Patent Application
20140167693
The subject matter disclosed herein relates generally to mounting systems and methods and, more particularly, to mounting systems and methods for electric charging stations removably coupled thereto.
Electrically powered vehicles, including electric vehicles and plug-in hybrid electric vehicles, include electric motors powered by energy storage devices, such as batteries. Because an energy storage device is depleted of energy as the vehicle is operated, the operator of the vehicle must recharge the energy storage device prior to using the vehicle again.
At least some known vehicle charging devices or stations are provided for use in various environments. Such charging stations are designed to charge electrically powered vehicles, while providing security and protection for components utilized in charging the vehicle. Charging stations include a variety of constructions to hold up to the environments in which the charging stations are installed. For example, various known charging stations are intended to be removably mounted to a substantially vertical solid surface, such as a wall or pole. Maintenance and/or service of such charging stations often involve removal of the charging station from the mounting surface to gain access to components included therein. It would be desireable to provide a low-cost device and system to enable removably mounting a charging station to a solid surface.
The electric vehicle supply equipment (EVSE), which is also referred to as supply equipment, a vehicle charger, a charging station, a charger, a charging device, etc., may be realized in several different mechanical configurations. EVSE are frequently installed as wall or surface-mounted units in garages and on buildings where vehicles can be parked inside or close to the building. Such wall-mounted units are conventionally fastened to a wall or other vertical surface, either directly or via a mounting bracket. Additionally, the wall mounted EVSE are also typically arranged as “plug-in” type units configured to plug in to a receptacle or wall mounted outlet.
The Society of Automotive Engineers (SAE) J1772 standard defines different types of charging including for example AC Level 1, which utilizes a common 120 Volt, 15 Amp grounded receptacle, and AC Level 2, which utilizes a dedicated AC power connection at 208-240 Volts nominal and 32 Amps maximum. DC charging is defined as a method that utilizes dedicated direct current (DC) supply equipment.

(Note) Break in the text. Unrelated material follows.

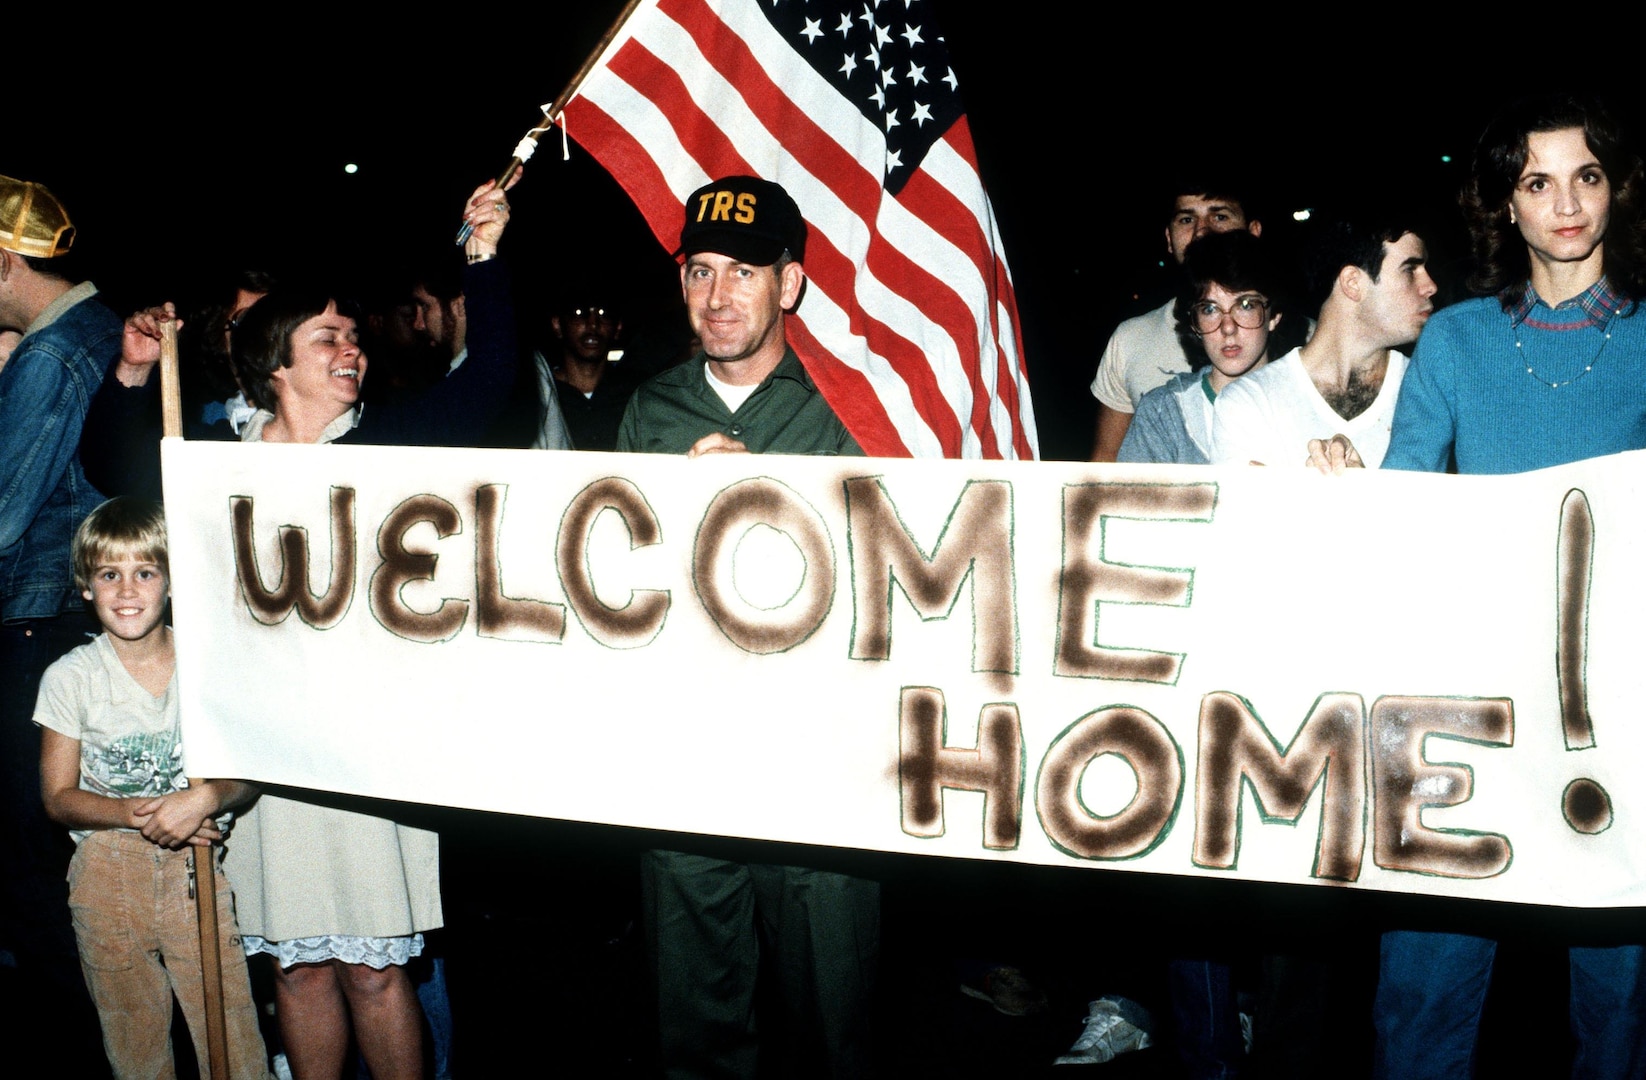 Friends and family hold up a “Welcome Home” sign for the American medical students arriving at Charleston Air Force Base Nov. 3, 1983, after being rescued in Grenada by U.S. forces.

Conventional charging stations such as may be used in residential applications may have a relatively high current draw from the electrical distribution system to the EVSE. In certain regions, electrical codes such as the National Electrical Code (NEC) require EVSE to be permanently connected to the electrical distribution system if the operating voltage of the EVSE is above 120V. For example, such EVSE units are typically plugged in, such as with a power connector, for example a NEMA 6-50 plug, into a conventional receptacle wired to receive power from a 220/240VAC supply, such as the utility grid or other source. Such a permanent connection is intended to prevent a user from making and breaking high voltage and current, for example by disconnecting the EVSE plug connector from the power receptacle, when the EVSE is charging.
It is desirable to provide a convenient way of connecting the Level I or Level II electricity source to an electric vehicle to recharge the batteries thereby making recharging quicker and using an electric vehicle more practical. It is also desirable to provide a convenient way to plug the electric vehicle supply equipment to either a Level I or Level II electrical supply source using plugs and receptacles designed to meet National Electrical Manufacturers Association (NEMA) standards, and with minimal duplication of components. It would be desirable for a device and/or system to enable easy low cost installation for a plug-in type EVSE.
It would also be desirable to enable pre-wiring of a residential outlet to enable ready installation of an EVSE. Such pre-wiring would further enable portability of EVSE equipment by an owner from one residence to another.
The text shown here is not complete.